[DATA EXCERPT — start]

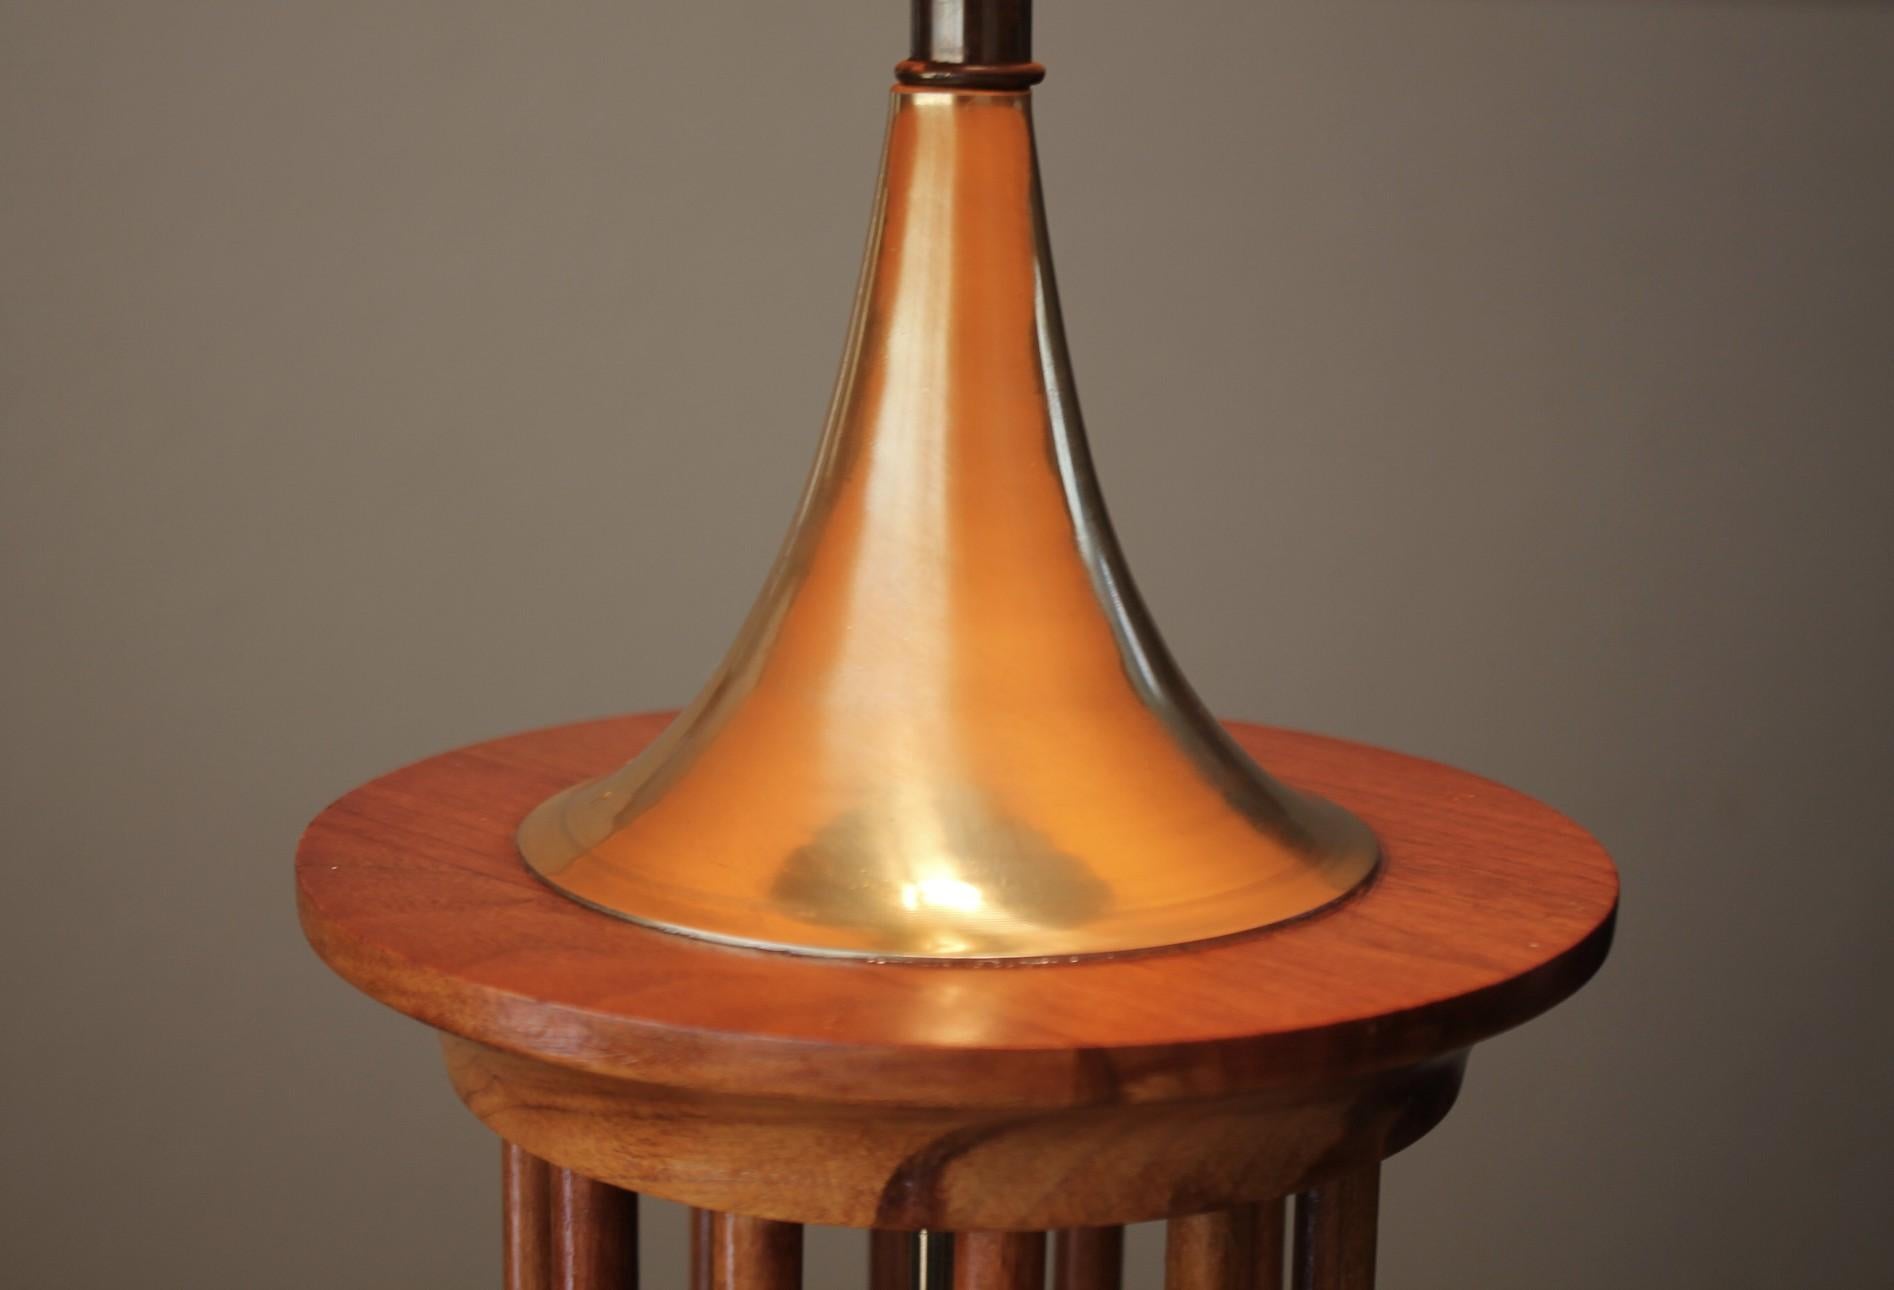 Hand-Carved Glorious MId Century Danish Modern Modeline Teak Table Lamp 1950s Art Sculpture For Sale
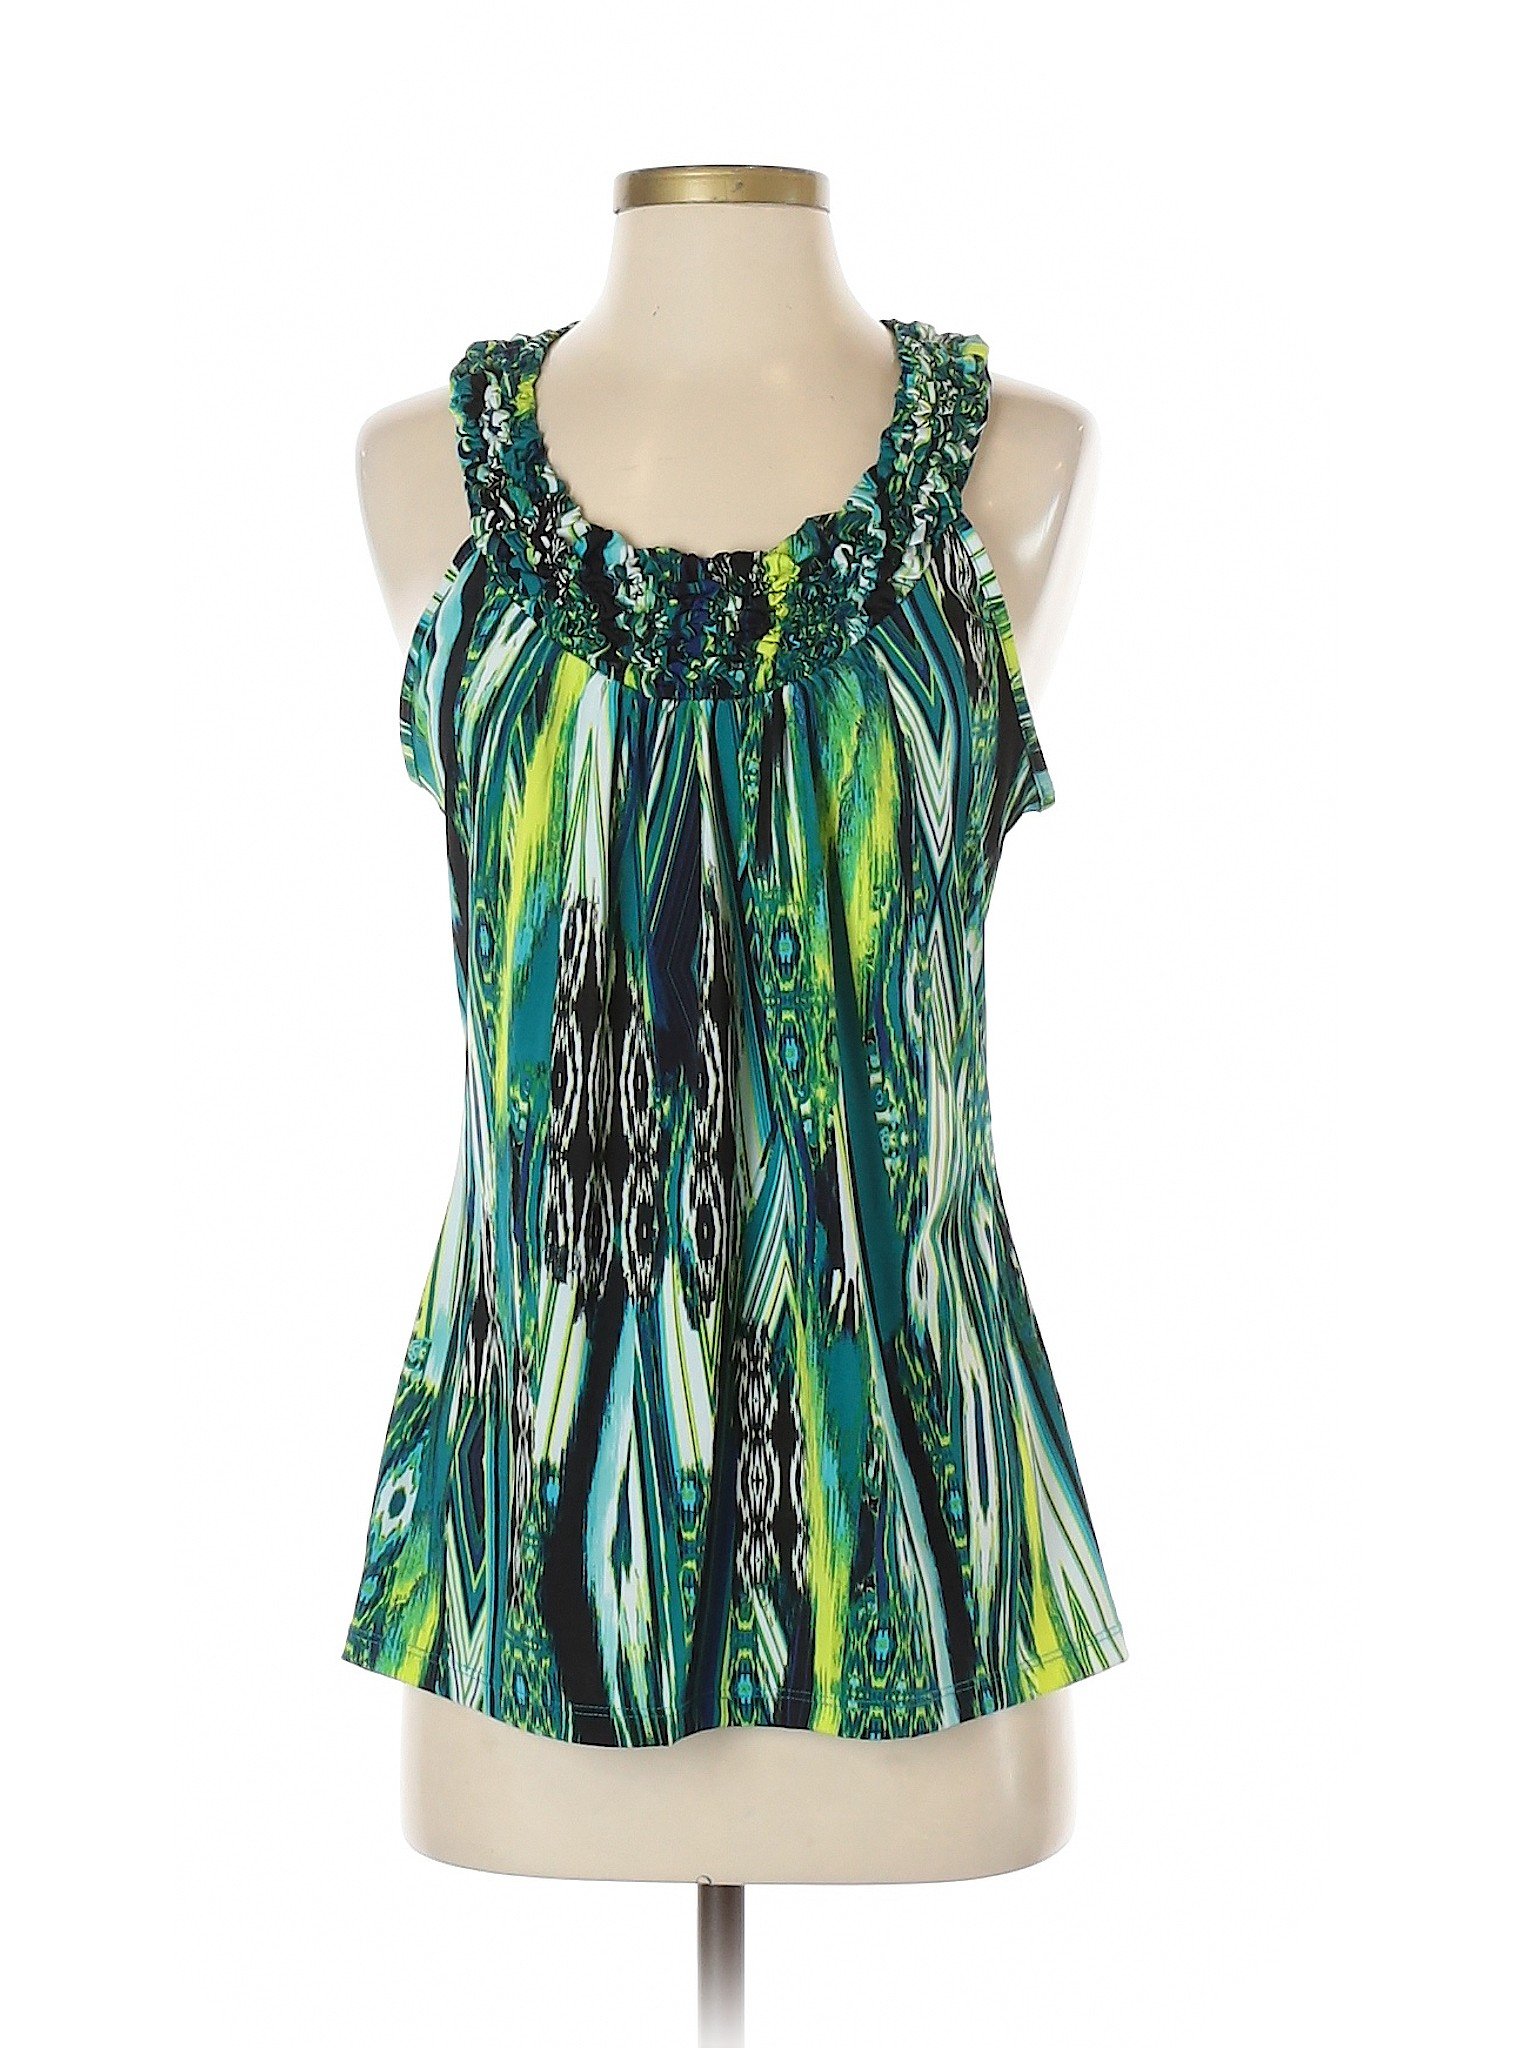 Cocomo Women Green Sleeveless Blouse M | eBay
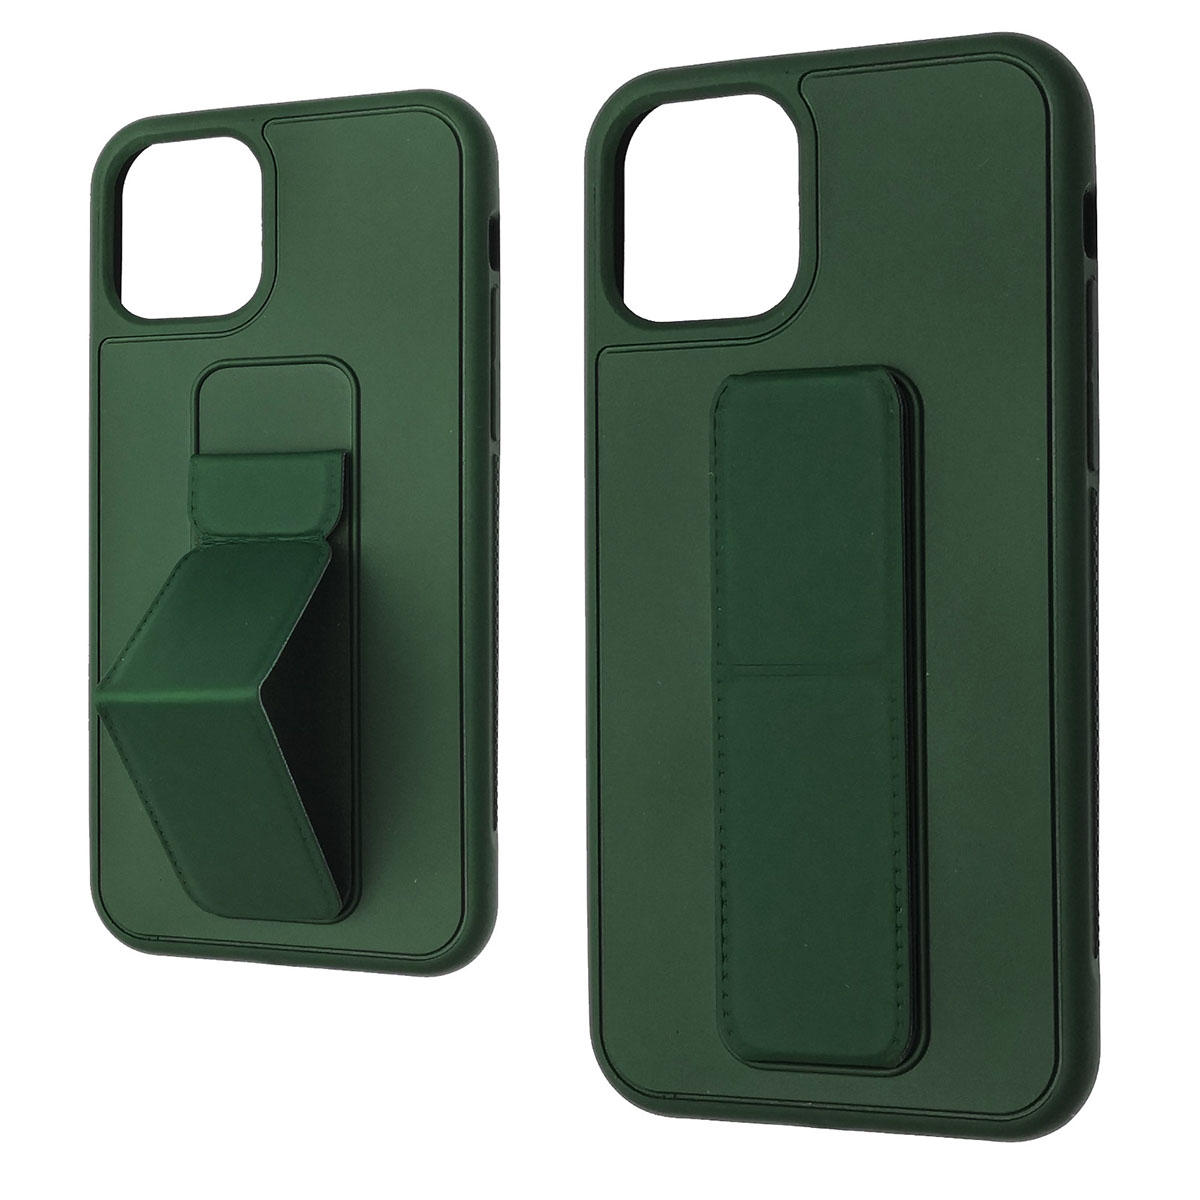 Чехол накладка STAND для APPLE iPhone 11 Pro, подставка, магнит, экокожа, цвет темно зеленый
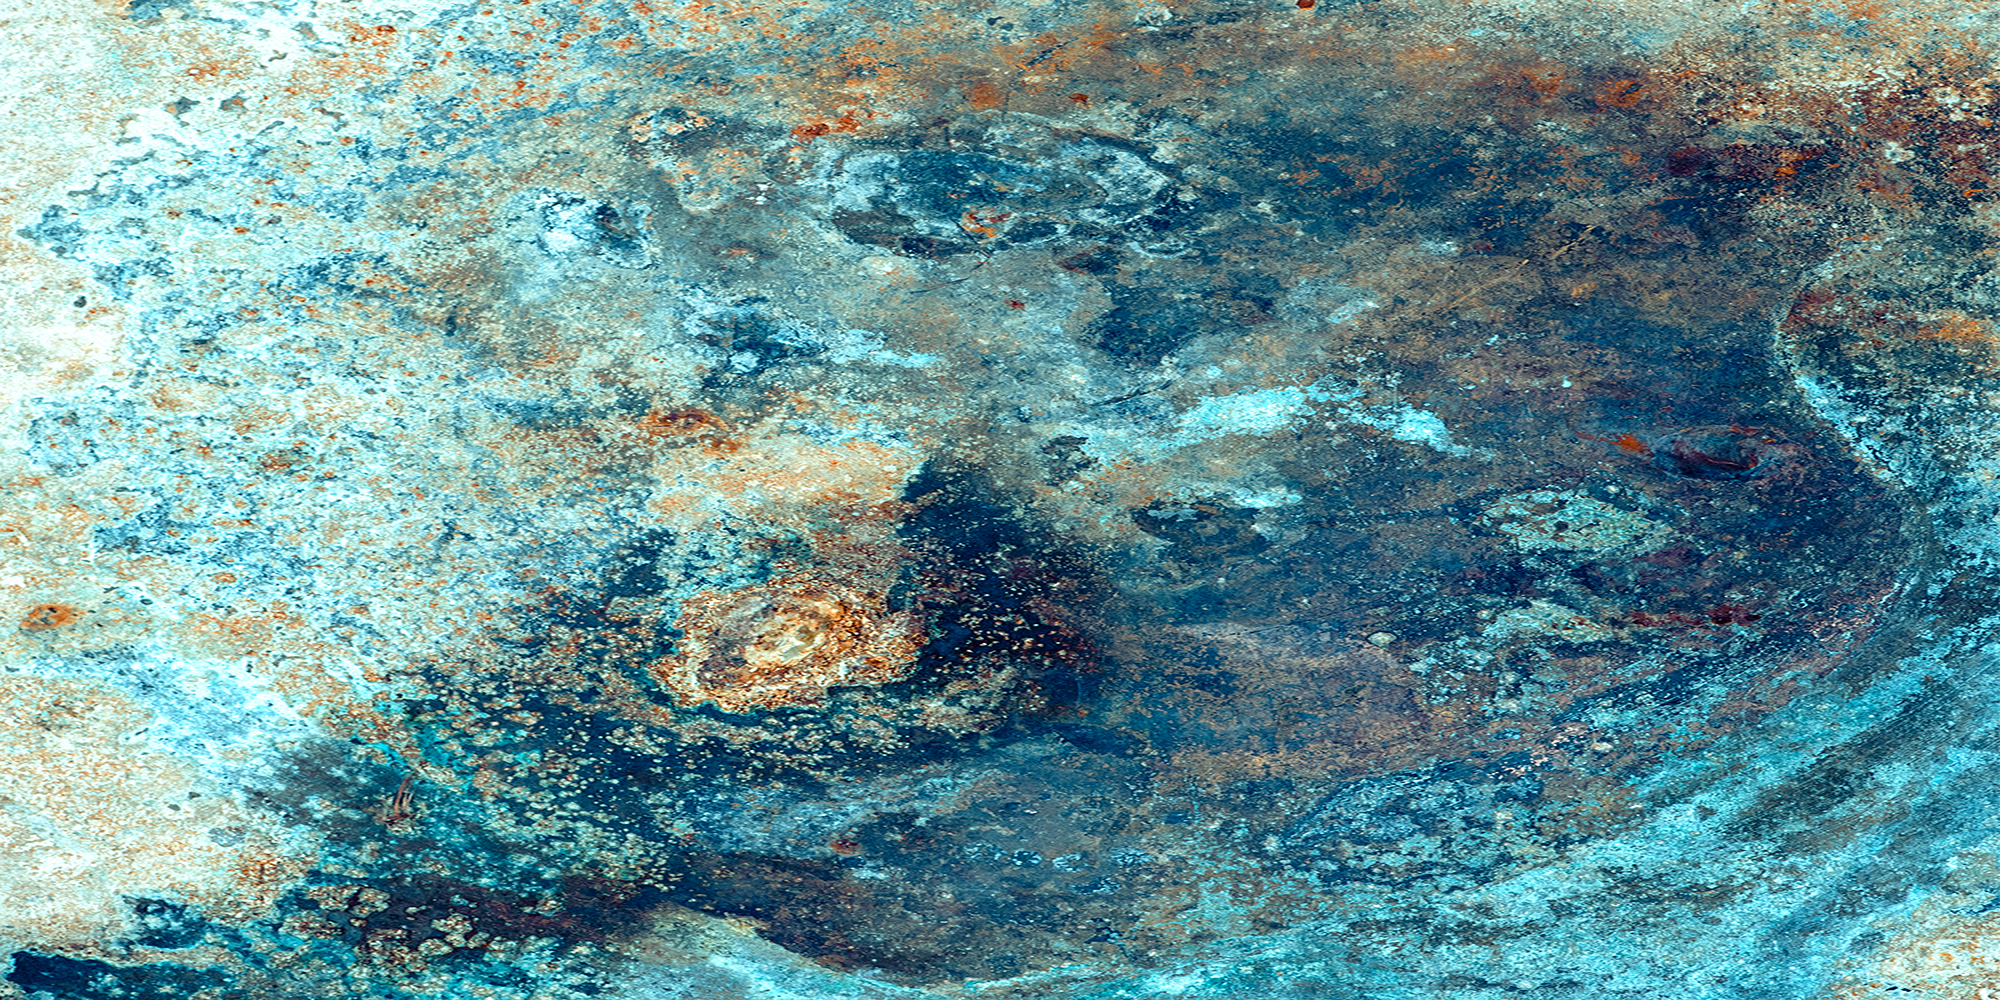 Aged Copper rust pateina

[DATA EXCERPT — finish]

**WHAT IS EXPECTED**
Please output the listing above in full, exactly as given, without its images.

**FINISHED TASK**
 Hand-Carved Glorious MId Century Danish Modern Modeline Teak Table Lamp 1950s Art Sculpture For Sale
 Cocomo Women Green Sleeveless Blouse M | eBay
 Чехол накладка STAND для APPLE iPhone 11 Pro, подставка, магнит, экокожа, цвет темно зеленый
 Aged Copper rust pateina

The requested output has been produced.